The City filed a motion for summary adjudication, arguing that the tree was not a work of public improvement and that the insurer failed to submit evidence establishing negligence by the City. The trial court denied the motion, and the City sought a writ of mandate.
The appellate court denied the City’s petition for a writ of mandate. The Court concluded that there were triable issues of material fact as to whether the tree was a part of work of public improvement. The was evidence that showed that the tree was a street tree that was part of a city program to enhance its residents’ and visitors’ quality of life. Moreover, the Court held that the city failed to meet its burden on summary adjudication to establish that it had fulfilled its duty of care. As a result, the burden never shifted to the insurer to raise a triable issue of fact as to whether the City had been negligent in its maintenance of the tree.

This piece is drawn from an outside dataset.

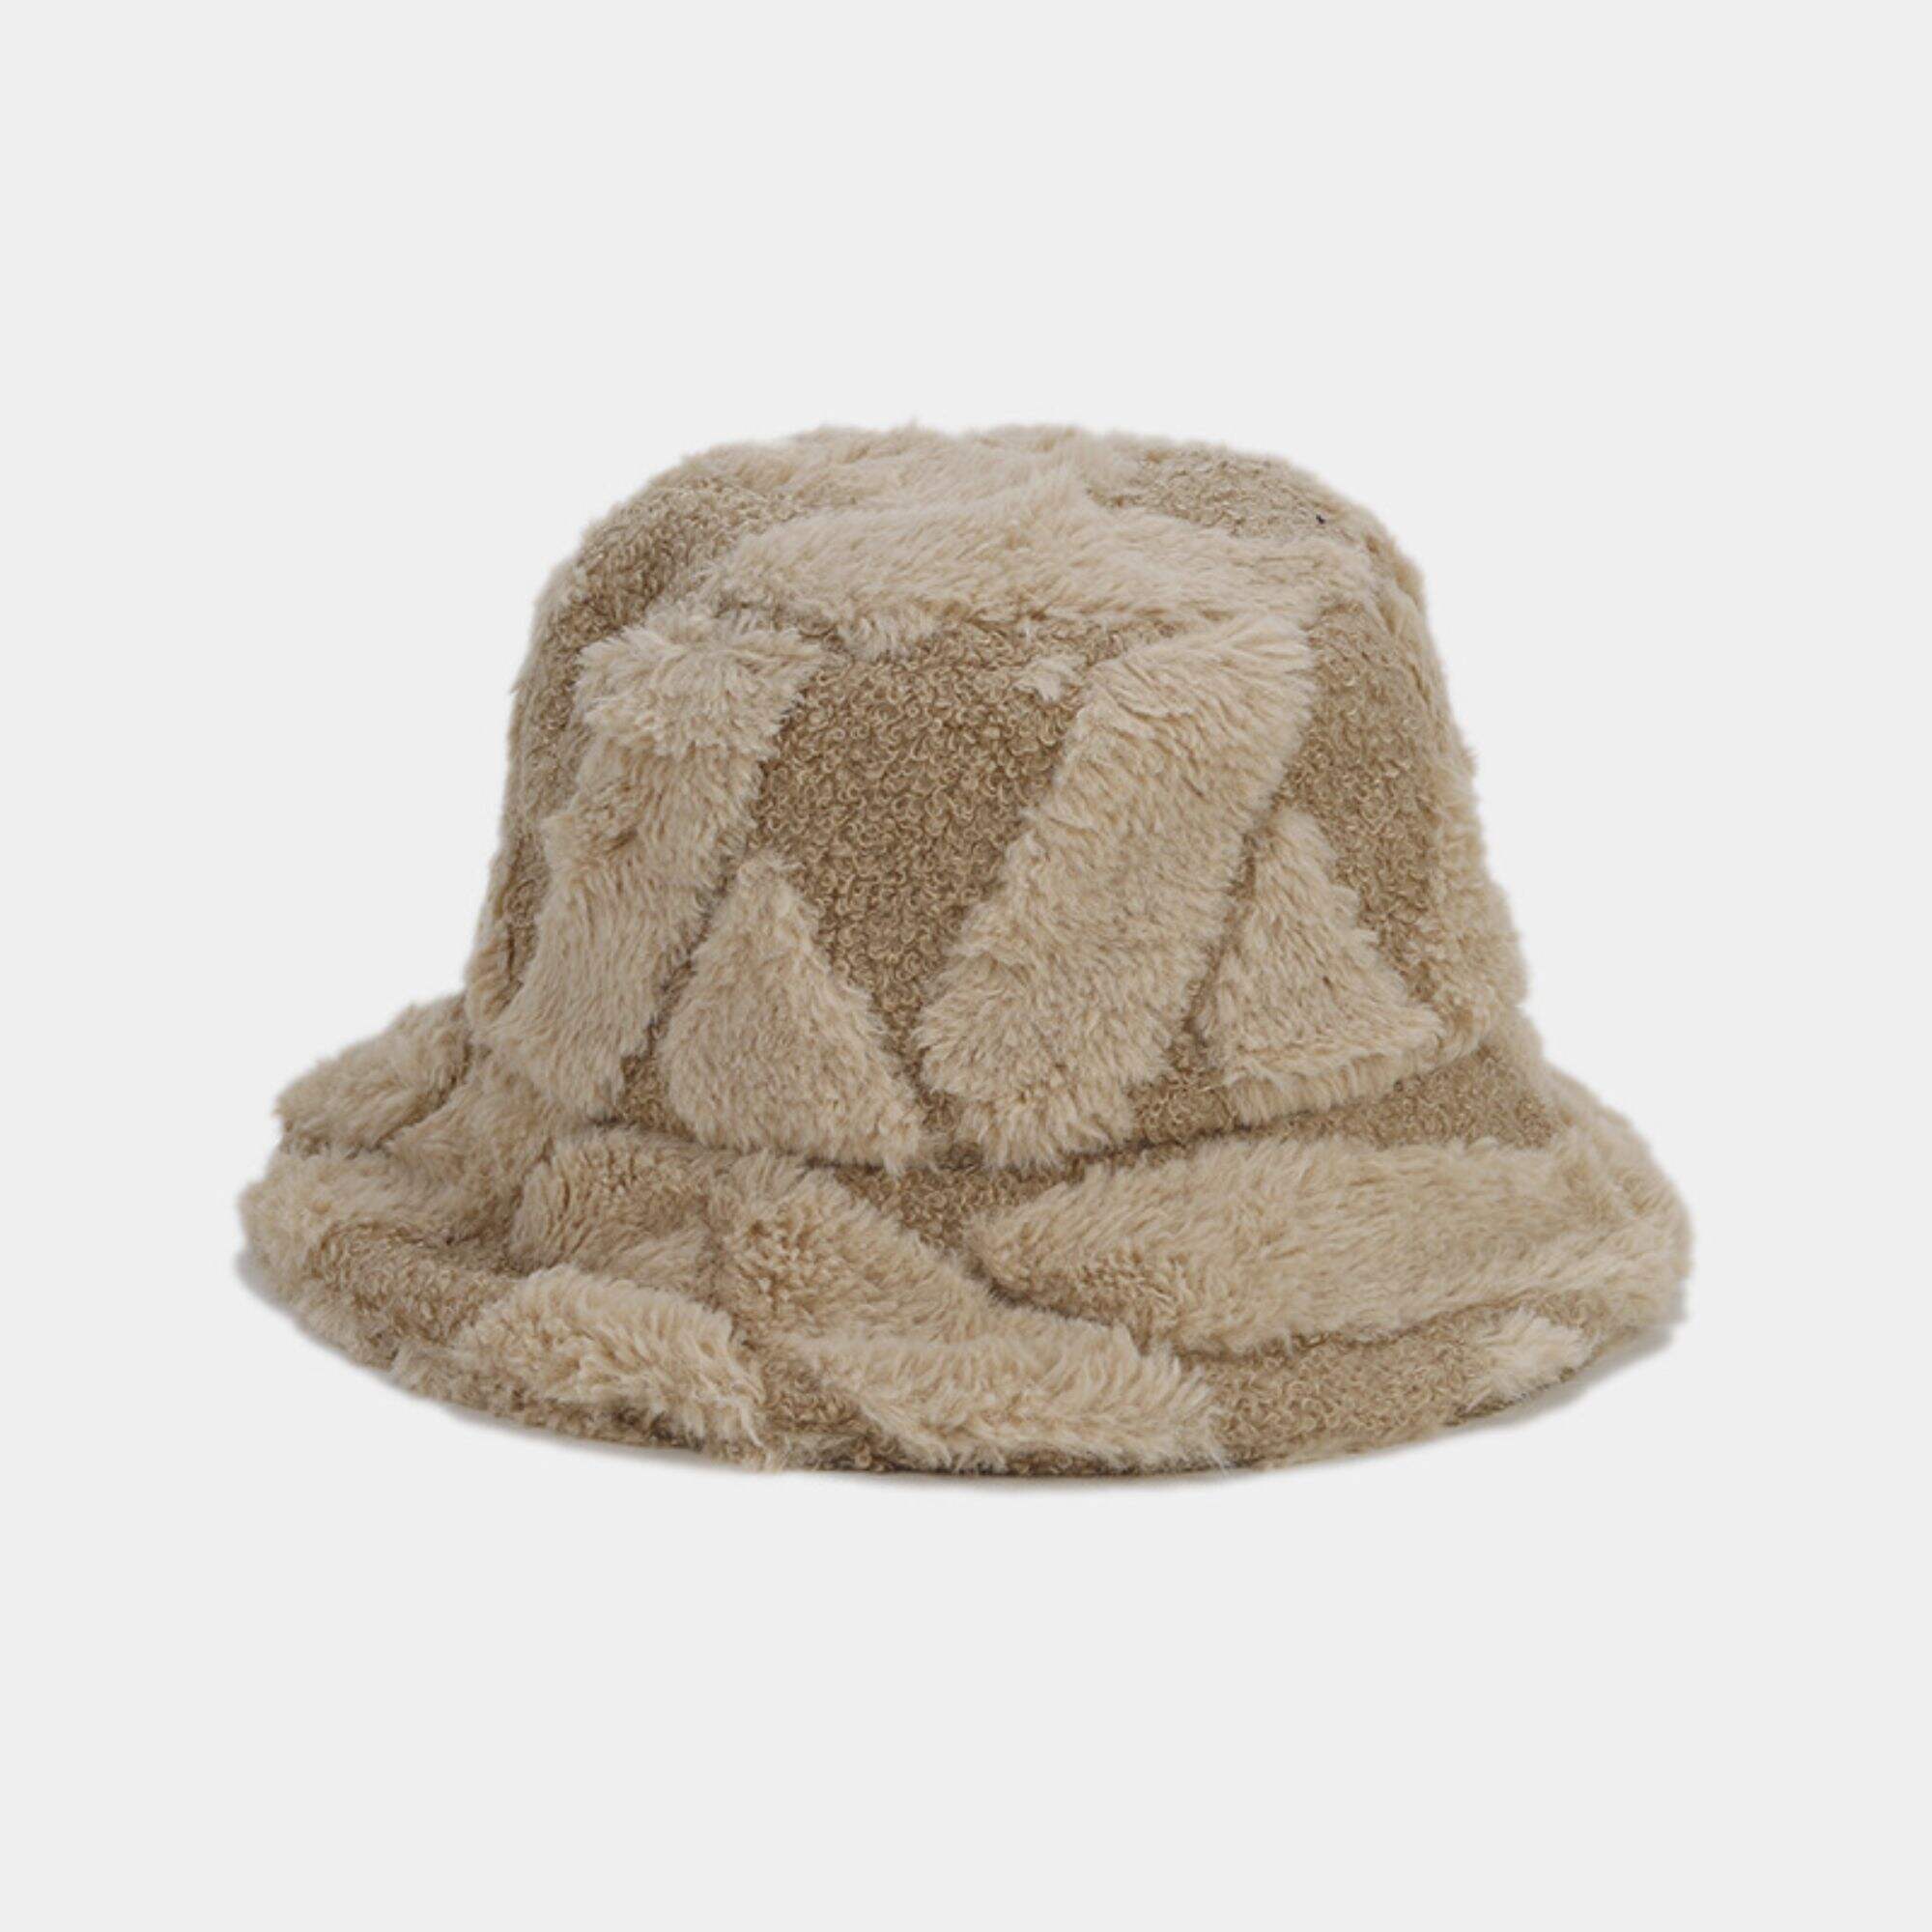 Winter bucket hat

WHY THIS DECISION IS IMPORTANT
Article I, Section 19 of the California Constitution provides that private property “may be taken or damaged for a public use and only when just compensation . . . has first been paid to the . . . owner”. Therefore, this case clarifies that it is possible for a homeowner (or its assign, as here, the insurer) to seek to recover damages under an inverse condemnation theory when a home is substantially damaged. Typically, we think of inverse condemnation cases being limited to some sort of explicit taking, such as taking land for the construction of public transportation or roads.
The most interesting take-away from this case may be the fact that the prevailing party in an inverse condemnation action may be awarded their attorney fees (C.C.P. § 1036). Therefore, by filing suit under an inverse condemnation theory, the plaintiffs here have given themselves an additional sword to wield in negotiating a settlement. One would assume that the legislature did not envision that a homeowner would prevail on an inverse condemnation case when damage occurred because of a broken tree, however this decision suggests such a result is possible.